Propulsée à fond comme jamais en 25 ans d’existence, la formation reconnaît en leur producteur Christopher Kirkley le déclencheur de cette ascension spectaculaire. C’est lui qui les a découverts, sur le terreau de leur musique touarègue qui rythme les fêtes de mariages. L’histoire d’Etran s’écrit à partir de 1995 quand leur aîné Aghaly Migi fonde le groupe. Ils leur doivent l’apprentissage de la guitare. Une époque où l’électrification des guitares était presque un mirage.
Le Niger, en carence de développement
Les thèmes des chansons du quatuor oscillent entre joie et espoir. Et bien que les messages politiques ne s’infiltrent pas directement dans leur démarche créative, les musiciens portent en eux un appel pour le développement de leur pays. Le sort de la jeunesse nigérienne les préoccupe. L’influence des groupes djihadistes qui les enrôlent les prive d’une voie saine. Ce fléau opère, faute d’avoir d’autres raisons de vivre, sans travail à leur disposition.
Un autre coup dur sur le pays: l’afflux des touristes qui désertent Agadez à cause des menaces d’insécurité planant sur le territoire. « Il faut que les décideurs trouvent des alternatives pour le peuple sahélien, investir et implanter des structures pour les populations. Cela fera reculer les terroristes et redonner espoir aux jeunes », implore la formation à l’unisson.
Avec leur récent album à venir le 6 septembre prochain – 100% Sahara Guitar – les mages du rock sahélien, ces « Étoiles de l’Aïr » auront plus que validé l’engouement de leurs compositions auprès de maintes foules hors Niger par cette série de festivals.

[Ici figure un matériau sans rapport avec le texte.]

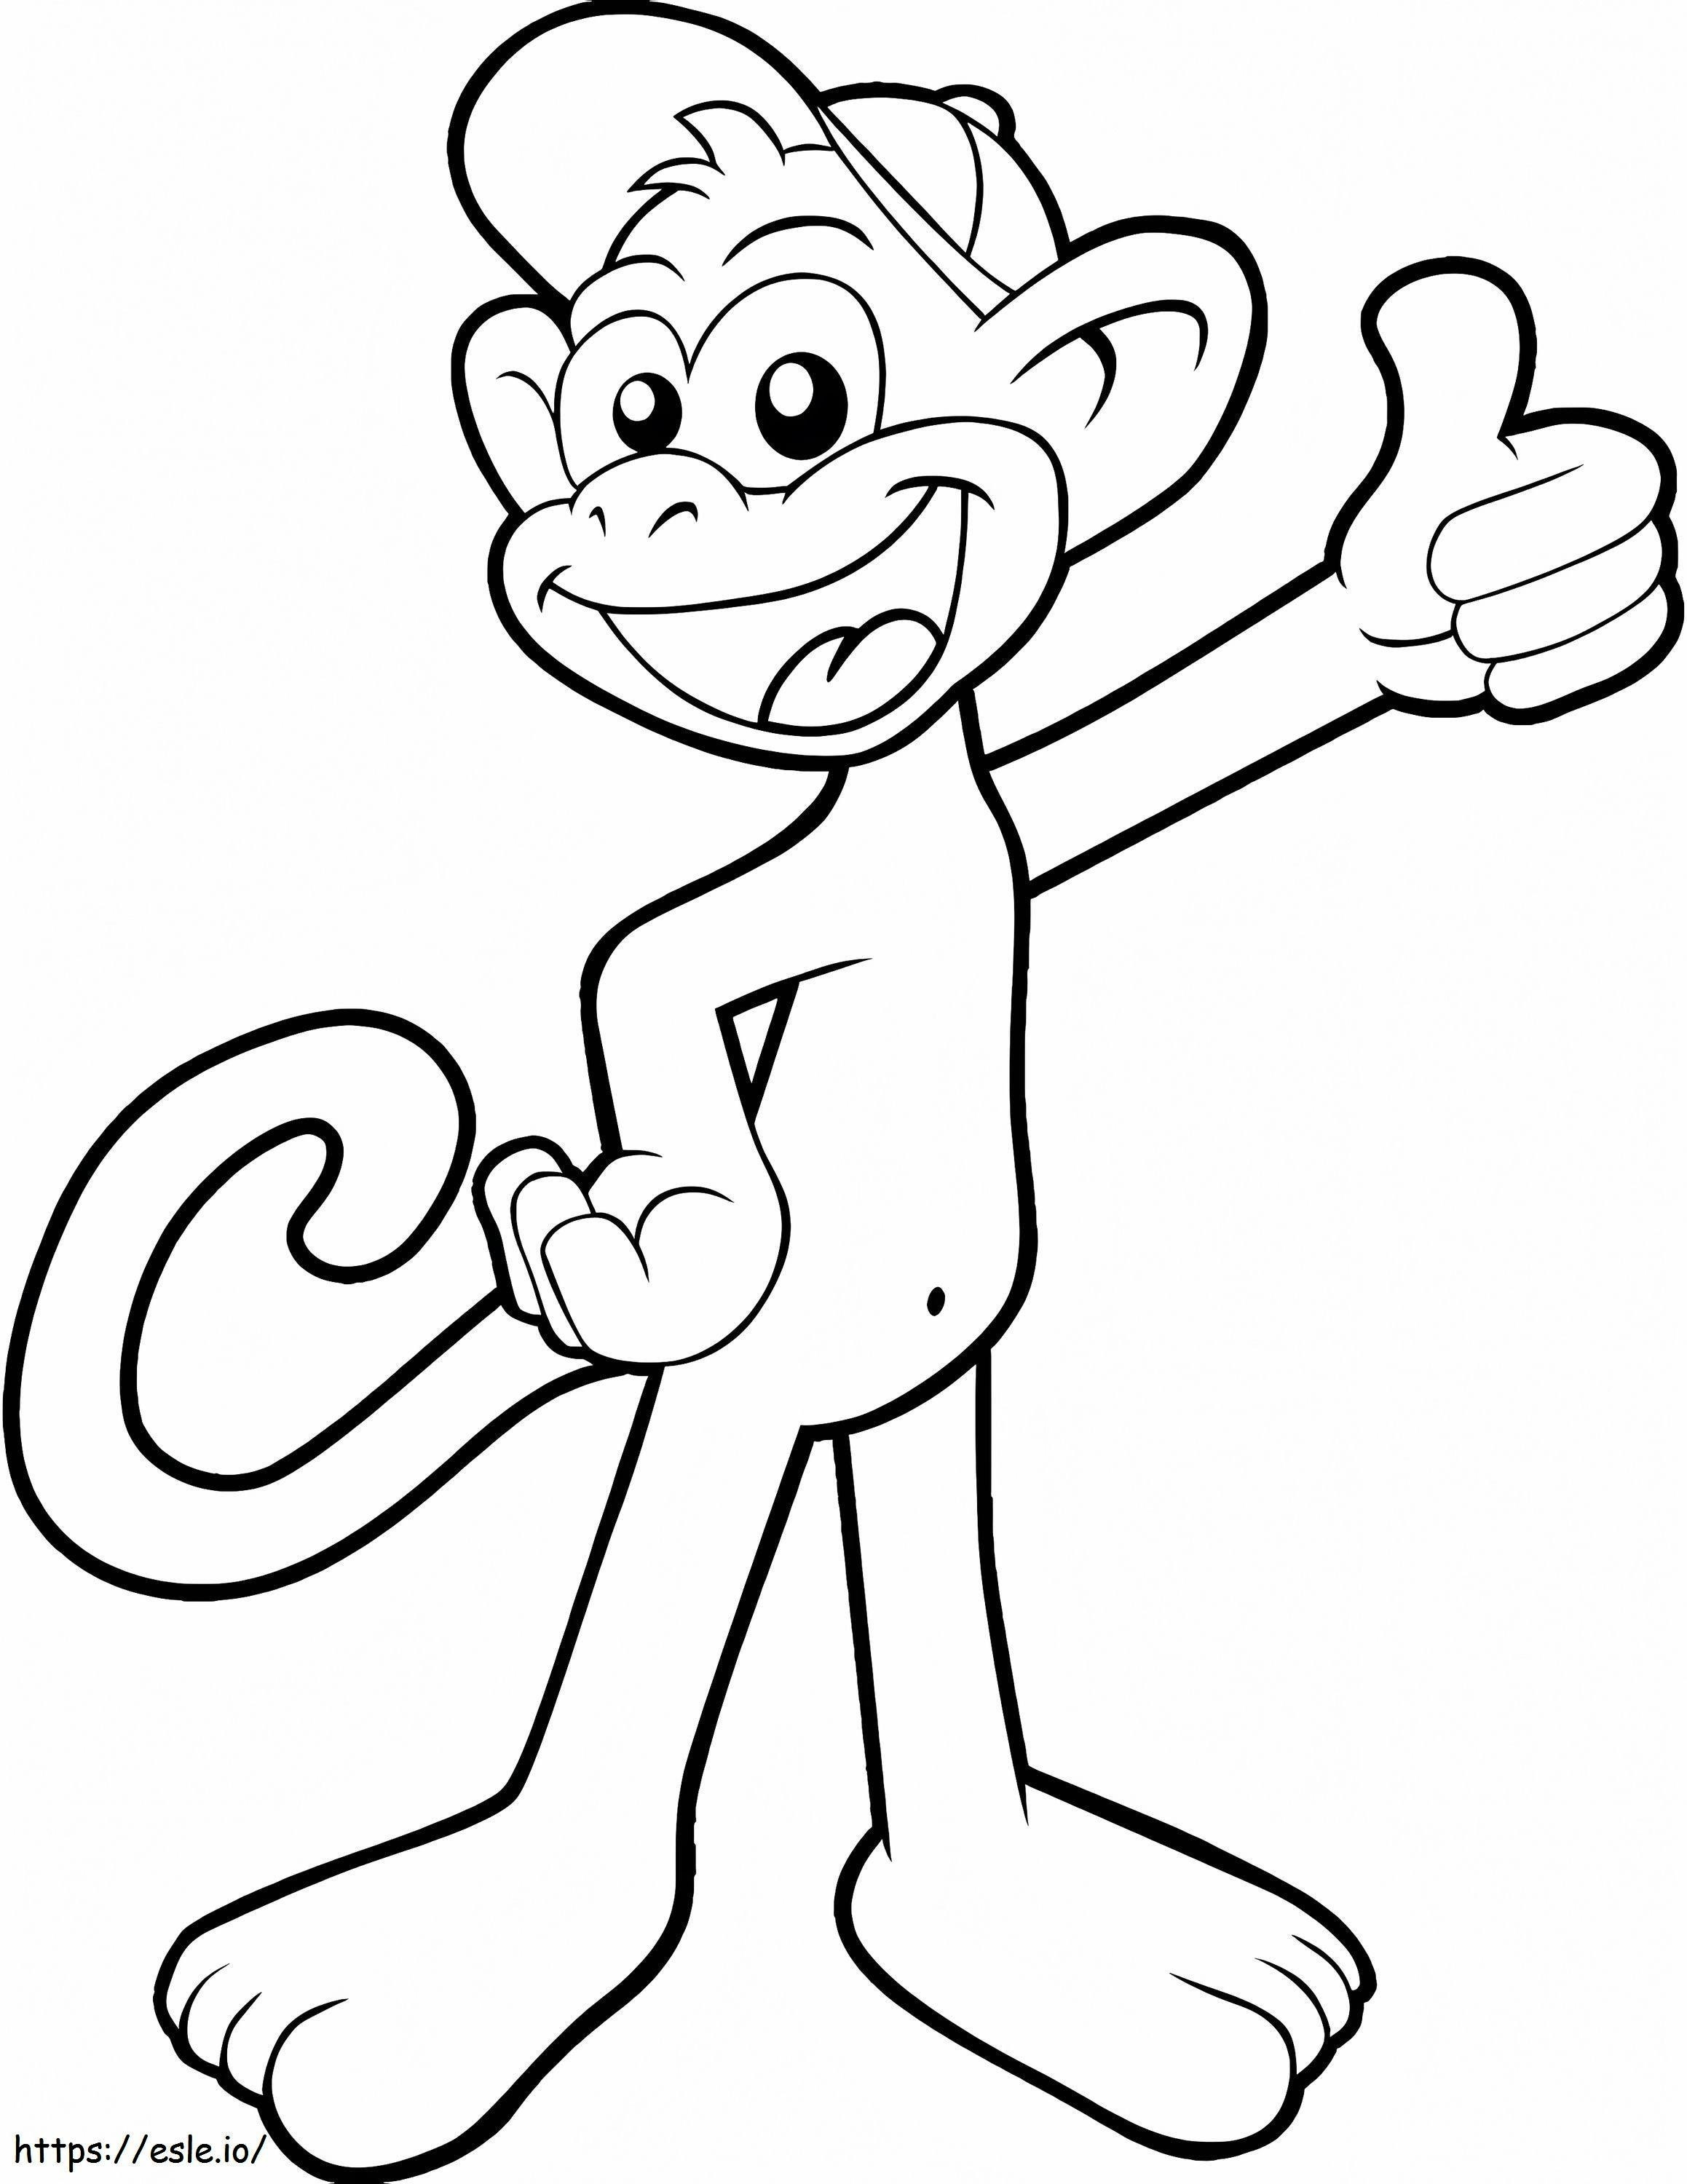 Macaco de desenho animado feliz para colorir

Vieux Farka Touré: Mon père, philosophe éternel
Le virtuose chanteur et guitariste malien et ses musiciens de toute génération ont pris d’assaut le Club Soda le 6 juillet pour clore le FIJM dans une vague de liberté sans étiquette. Car pour le fils de l’immortel Ali Farka Touré, jazz rime avec abandon.
Naître à la musique
Bien avant 2006, année du trépas de son père légendaire qui combattait le cancer, Vieux Farka Touré s’est voué à la musique. Comme pour lui, il s’agissait d’un choix de vie dévalorisé par l’entourage qui le forçait à jouer et chanter dans l’ombre. Ainsi le veut la coutume dans le cercle des guerriers dont il fait partie.
Peu avant de partir vers là-haut, père et fils allient leur muse. Une force toujours vive qui ne faiblit pas chez Vieux Farka Touré. « Mon père est toujours le philosophe qui me guide », affirme-t-il, sans détour.
Musique anti-solitaire
Au fil de ses sept albums, l’artiste s’est toujours fait un devoir de se rapprocher d’autres souches musicales pour croiser le fer à des allégeances diverses. Et faire voyager le don blues qui l’habite, son legs paternel. Il envisage l’art et la création sous l’union de la collaboration.
Une formule naturelle et gagnante qui a vu la mise au monde de tant de chansons composant son répertoire comme sur l’album The Secret en 2011, avec la voix du Sud-Africain Dave Matthews et les accords de Derek Trucks et John Scofield. Sur la pièce éponyme résonnent encore les doigts d’Ali.
Une démarche toujours renouvelée, plus récemment avec le trio texan Khruganbin et leur univers funk ayant embrassé l’album Ali paru en septembre 2022. Grâce à ses voyages, aux quatre coins du monde, Vieux se positionne pour la communion sacrée.
Ambassadeur du Mali culturel, l’artiste n’endosse aucune lutte politique. Et il en sera ainsi à jamais, le clame-t-il. « La seule politique qui m’intéresse est l’humanité », réaffirme celui qui vit entre la France et l’Afrique. Hier sur la scène du Club Soda, il a reçu des mains d’Alain Ménard, pilier du FIJM, le 19e Prix Antônio-Carlos-Jobim. Une reconnaissance de son apport remarquable à la musique du monde, influence notoire du jazz mondial.
Parmi les artistes du continent africain ayant aussi mérité cet honneur, le couple malien Amadou & Mariam (2023), le Sénégalais Youssou N’Dour (2011), la Béninoise Angélique Kidjo (2007) et son compatriote Salif Keita (2006).